I think you got lost in the rhetoric somewhere.
Tariffs are just the US adjusting to reality which other countries are slow to do. Free trade died all on its own, because the pandemic showed that critical industries were hollowed out by free trade in a way that could be appreciated from a national security perspective. That situation was favoring China too much, so we need to unwind that some.
Tariffs already existed in many countries in practice, so it's not like the US reinvented modern tariffs.

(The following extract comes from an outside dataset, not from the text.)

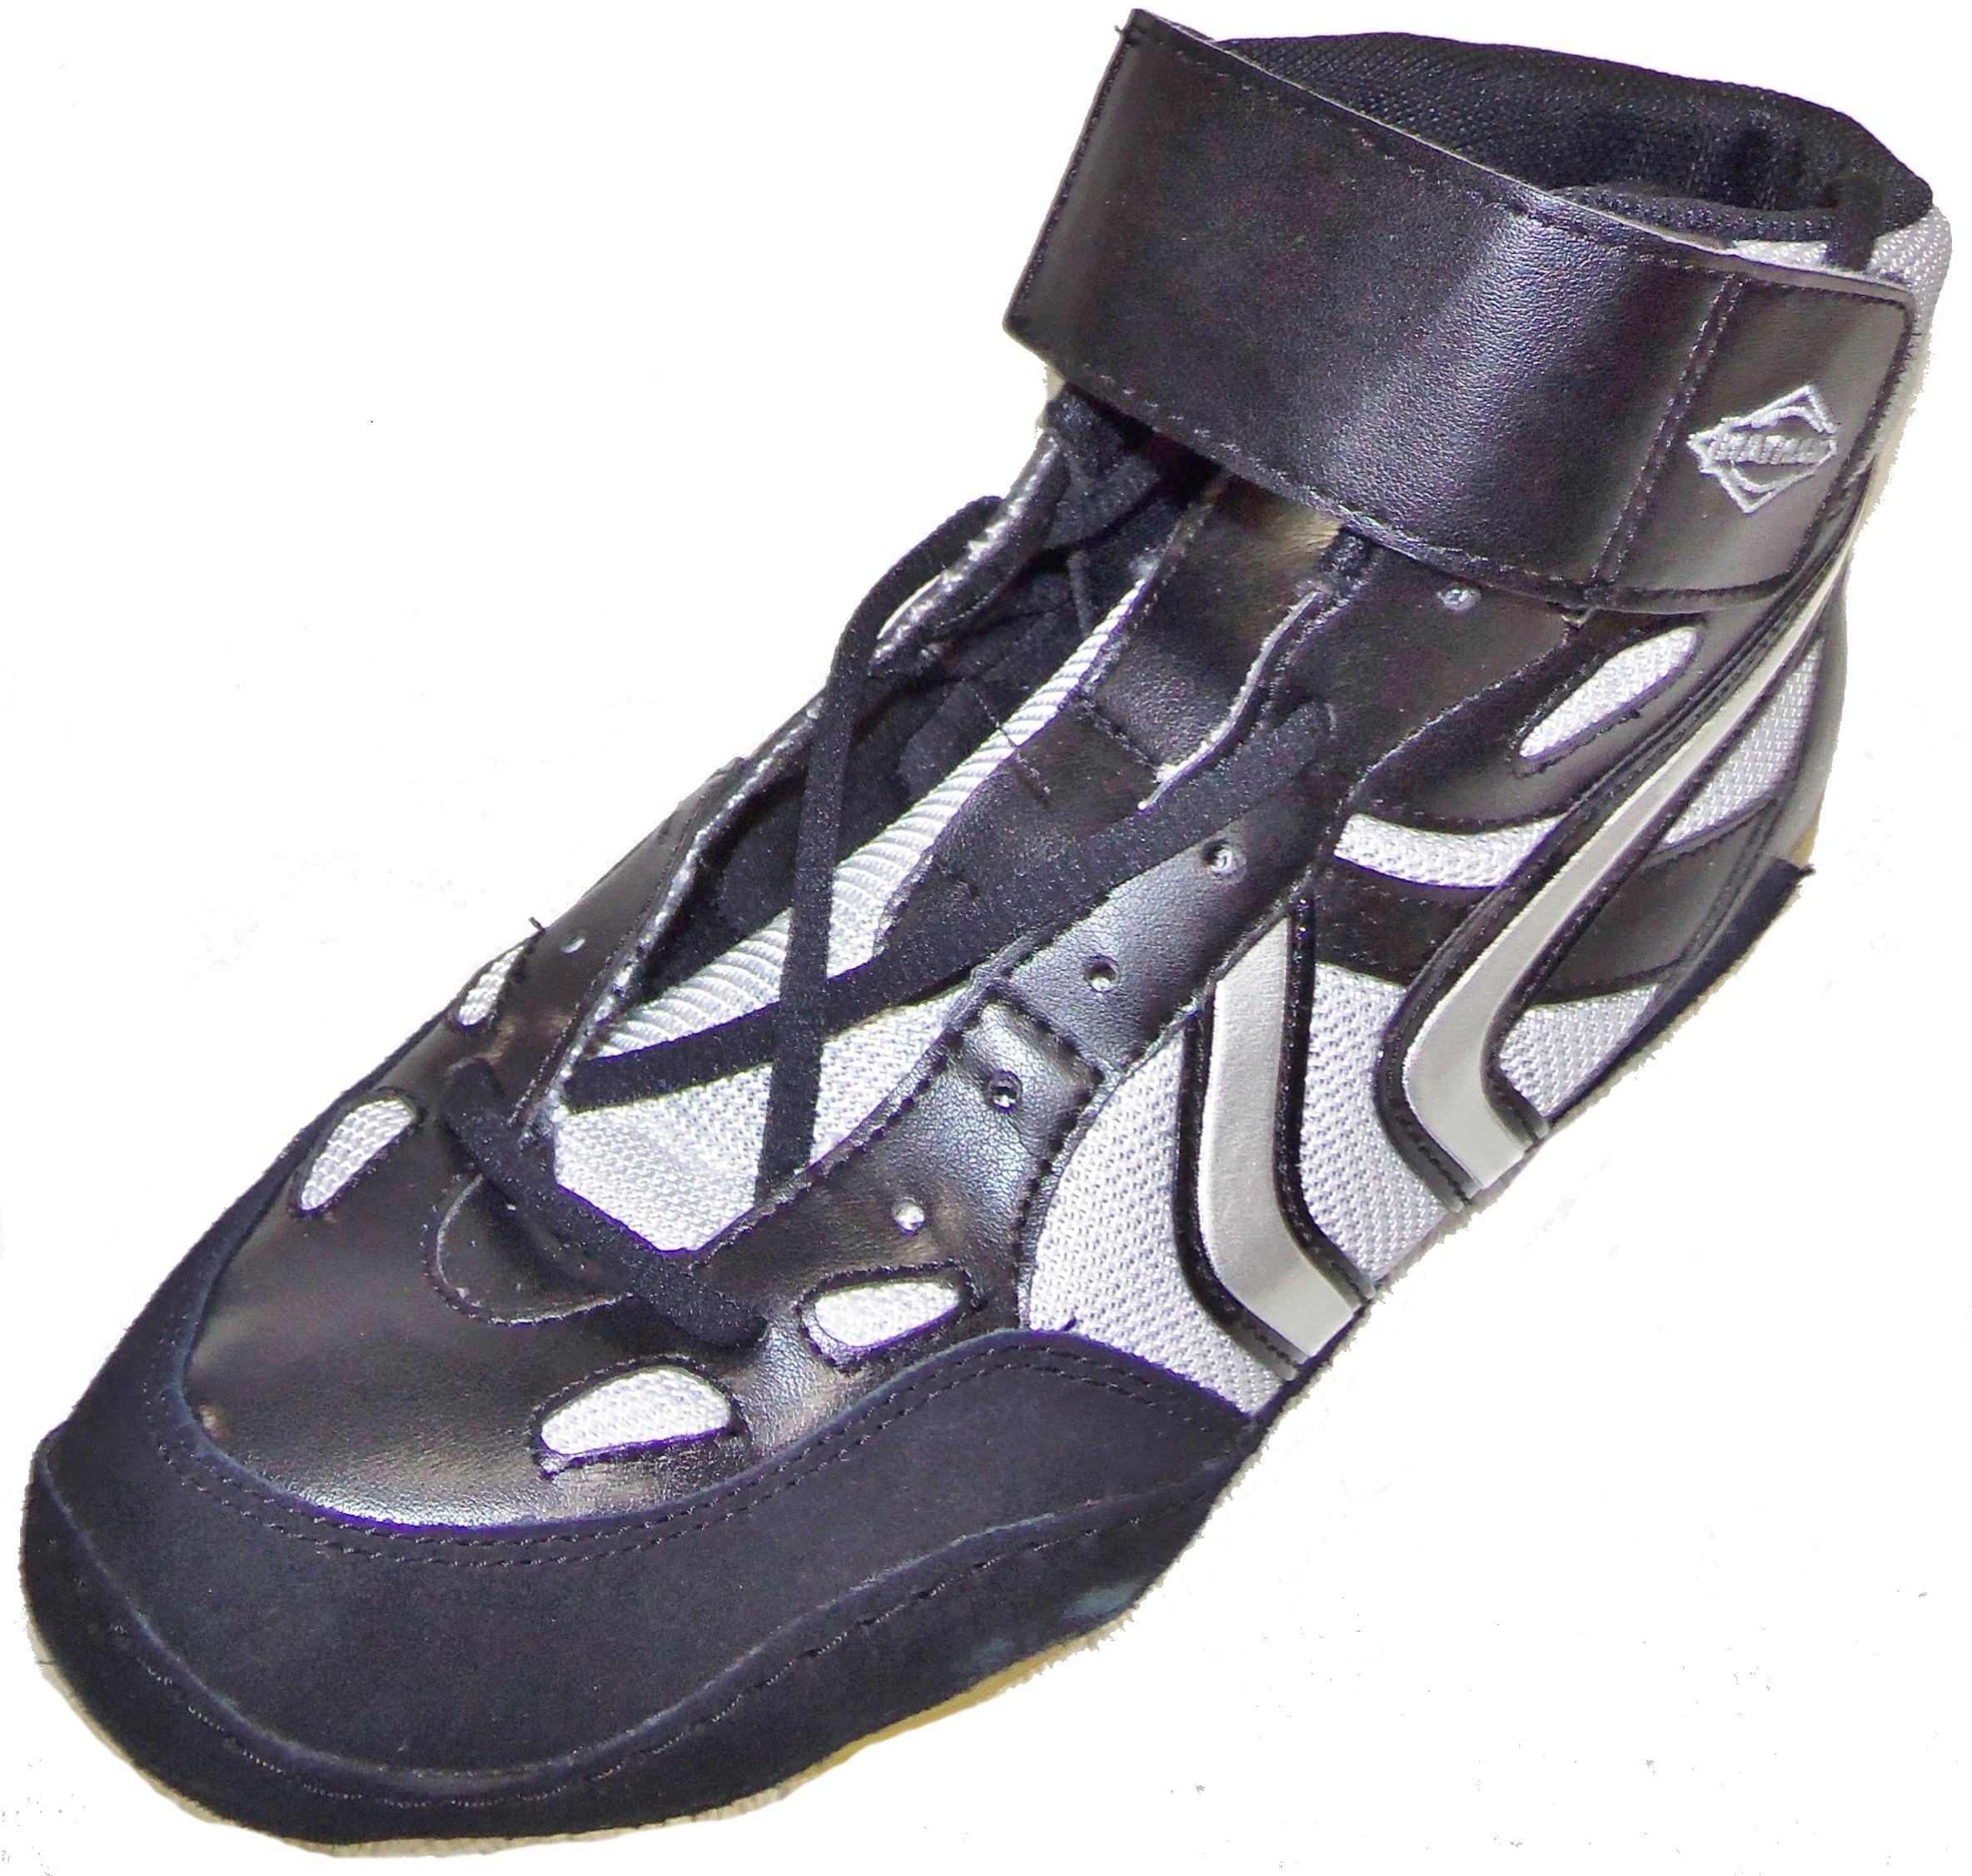 Matman Ultra G5 Revenge Adult Wrestling Shoes Black Silver S040 (9.5)

Pew [1] suggests that the changes around the start of 2025 were due increased restrictions on asylum applications under the previous admin and EOs by the current one to restrict new immigration. Given the rough numbers [2] of about 40k asylum grants per year in the early 2020s, I doubt the previous admin's actions are playing much of a role here.
Stating that none of it (immigration acceptance) changed under this administration might technically be true - with respect to the number of countries applying, but misses this point.
[0]: https://www.census.gov/newsroom/blogs/random-samplings/2026/...
[1]: https://www.pewresearch.org/short-reads/2025/08/21/key-findi...
[2]: https://usafacts.org/articles/how-many-people-seek-asylum-in...
If you feel like formulating a good argument about immigration, I'll listen, but you haven't provided one.
It can happen in Europe too, but the full fall is not that close.
The structure of the US makes it basically the single most secure democracy anywhere right now or in history. No country in Europe or Europe as a whole is even competitive by comparison. The main issue we're facing is that we are by far the primary target for foreign funded activism and systemic attacks, because China and Russia hated NGOs promoting color revolutions.
That is also part of the rule of law issue, but the system is overall managing quite well. It's all moving in slow motion, but many important metrics are going in the right direction, which we need as that's part of deterring China.
How do you figure? I hear you have roving gangs of masked thugs beating up random citizens with the backing of your government, that doesn't sound very democratically secure, especially with what healthcare costs over there.
So secure, in fact, that it has secured itself even against the influence of its own citizens.
Also, we have guns. LOTS of guns. The U.S. military's first and sole responsibility is to the constitution itself. If any state or the federal government tries to get rid of their constitutions, the military can rightfully take it over and re-establish a constitution.
There is no other country that's even remotely close to this secure.
This is just not true. It is failing visibly and loudly fast. It used to fail slowly but the process speeded up.
American administration supports Russia now. It praises Russian, Chinese, Belarus leaders again and again. It praises Orban. It hates last bastion of democracy - Europe.
China is not detered. Its power is growing while American one is going down. Trump openly admires its leader. China is celebrating current state of America.